TOPO Cloning Protokolle
TOPO Klonen ist ein Prozess des Klonens , der nutzt in der Regel , 3 ' A-Reste , die thermodynamisch instabil sind und kombiniert sie mit einer Taq- DNA-Polymerase. Zusätzlich verwendet das Verfahren einen frischen PCR Produkt ( PCR) , die bei 4 Grad Celsius gelagert werden müssen . Diese Form der Klonierung optimiert die aktive Topoisomerase -I-Molekül an das Ende eines linearen Vektors hinzugefügt . Um TOPO Klonen durchzuführen, sollte ein bestimmtes Protokoll befolgt werden. Vorbereitung
Einige grundlegende Schritte unternommen werden können , um die Gesamt TOPO Klonen Prozess zu beschleunigen und dazu beitragen, den Erfolg werden. Erstens sollten Rohre von lebensfähigen Zellen auf Eis gegeben werden, um ihre Akzeptanz erhalten.

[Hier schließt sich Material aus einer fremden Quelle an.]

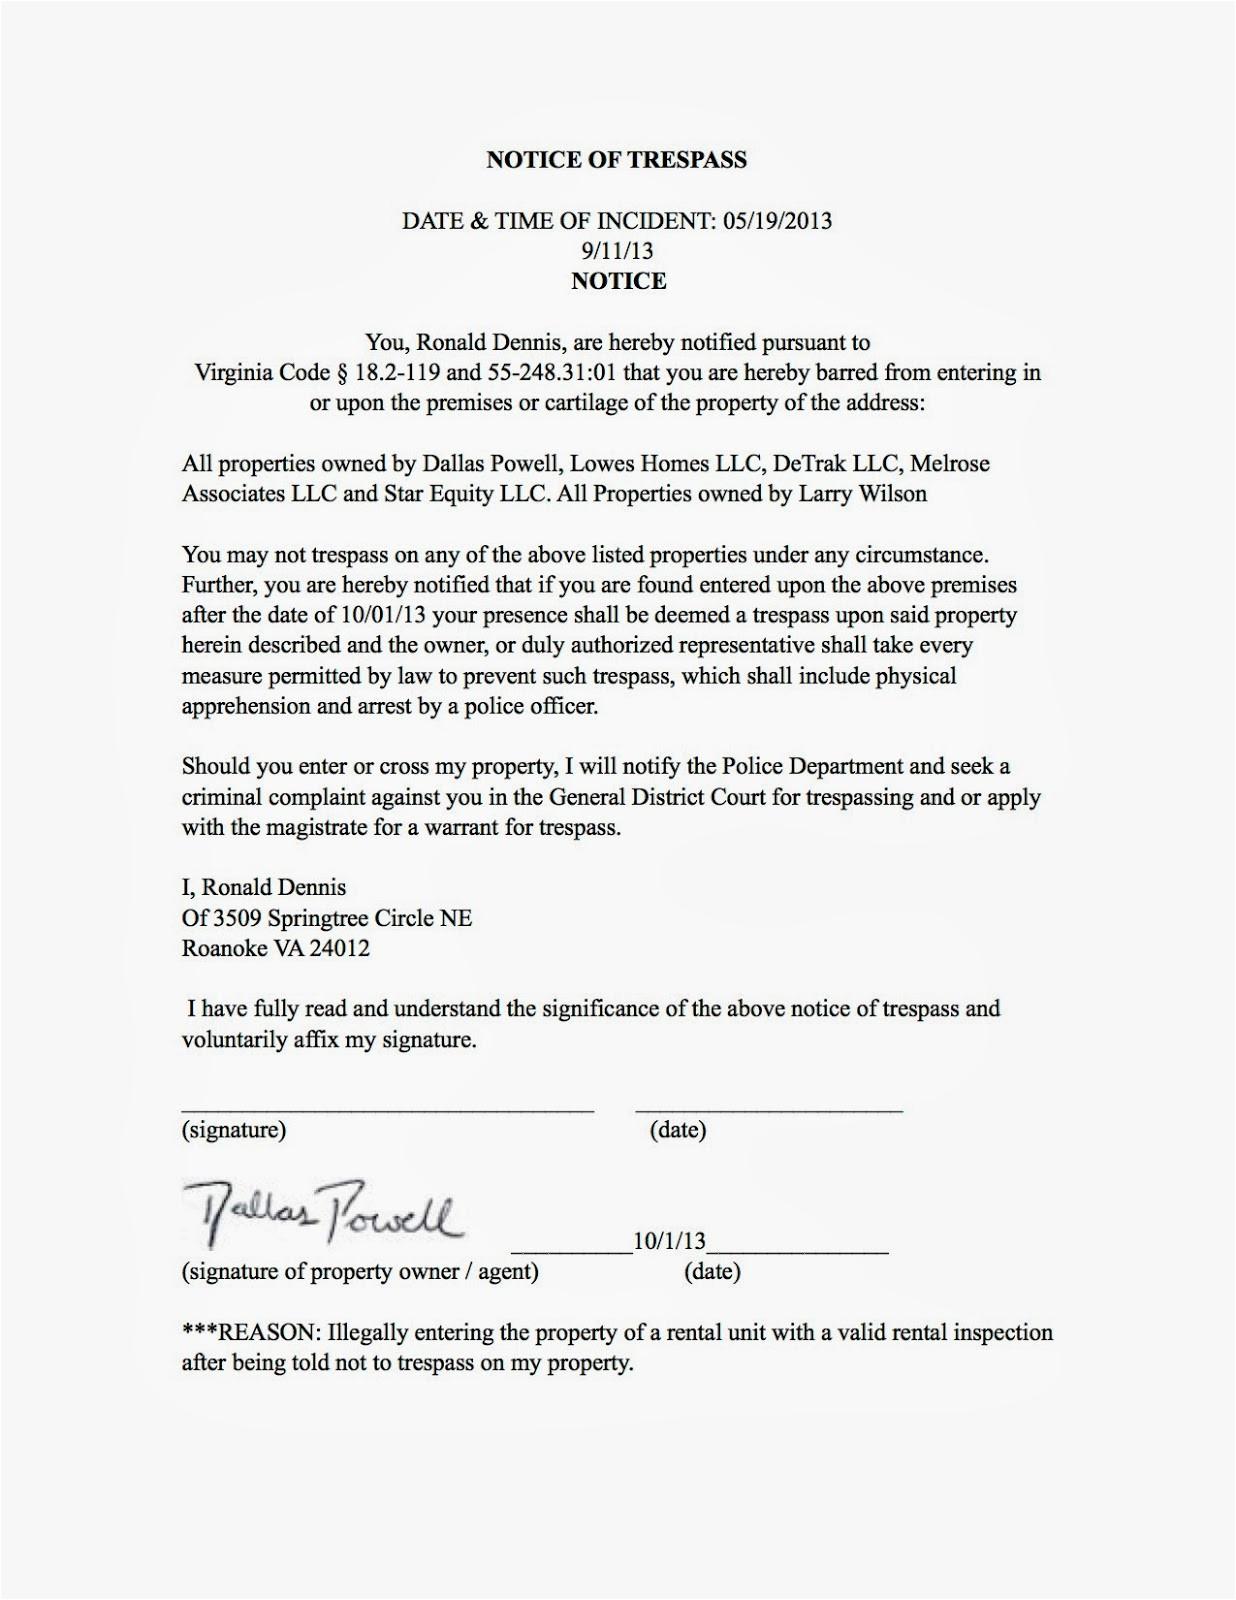 Trespass Notice Template Real Estate Investors Of Virginia Ronald Dennis Notice

Weiter sollte die Super optimalen Kultur (SOC) Medium Bakterienwachstum mit Nährstoffen angereichert ist, auf Raumtemperatur gebracht werden. Die selektiven Platten sollten dann auf 37 Grad Celsius vorgewärmt werden , so dass sie voll und ganz bereit, wenn es an der Zeit , sie zu nutzen kommt .
Kombination Zutaten
Um das Klonen beginnen Dabei sollte eine Kombination von 2 ul Polymerasekettenreaktion ( PCR) Produkt , 0,5 Mikroliter Salzlösung und 0,5 Mikroliter -Klonierungsvektor in einem 0,5 - ml- Zentrifugenröhrchen kombiniert werden. Sobald kombiniert , werden diese Zutaten müssen bei Raumtemperatur eingestellt und für fünf bis zehn Minuten inkubiert werden. Als nächstes werden die kombinierten Bestandteile auf " Top -10 chemisch kompetente Zellen " in einer 50 - Mikroliter- Röhrchen gegeben und auf Eis für weitere zehn Minuten angeordnet werden. Danach müssen die Zellen Hitze bei 42 Grad Celsius genau schockiert und auf Eis für eine weitere Minute platziert vor 180 Mikroliter der SOC-Medium hinzugefügt werden. Diese Mischung sollte dann in horizontaler Richtung bei 200 Umdrehungen pro Minute eine weitere Stunde bei 37 Grad Celsius geschüttelt werden.
Letzte Schritte
Eine Mischung von 50 Mikroliter und 100 Mikroliter jeder Reaktion sollte " auf LB + AMP + X -Gal -Platten und Inkubation ohne Schütteln über Nacht bei 37 C." plattiert werden Am nächsten Tag die drei weißen Kolonien von jeder Reaktion sollte aufgenommen und in 4 ml LB + Amp gegeben und über Nacht bei einer Temperatur von 37 Grad Celsius inkubiert , während mit 200 UpM geschüttelt. Der letzte Schritt ist die Mini- Vorbereitung der Plasmide und warten , um zu sehen , ob der Prozess erfolgreich war.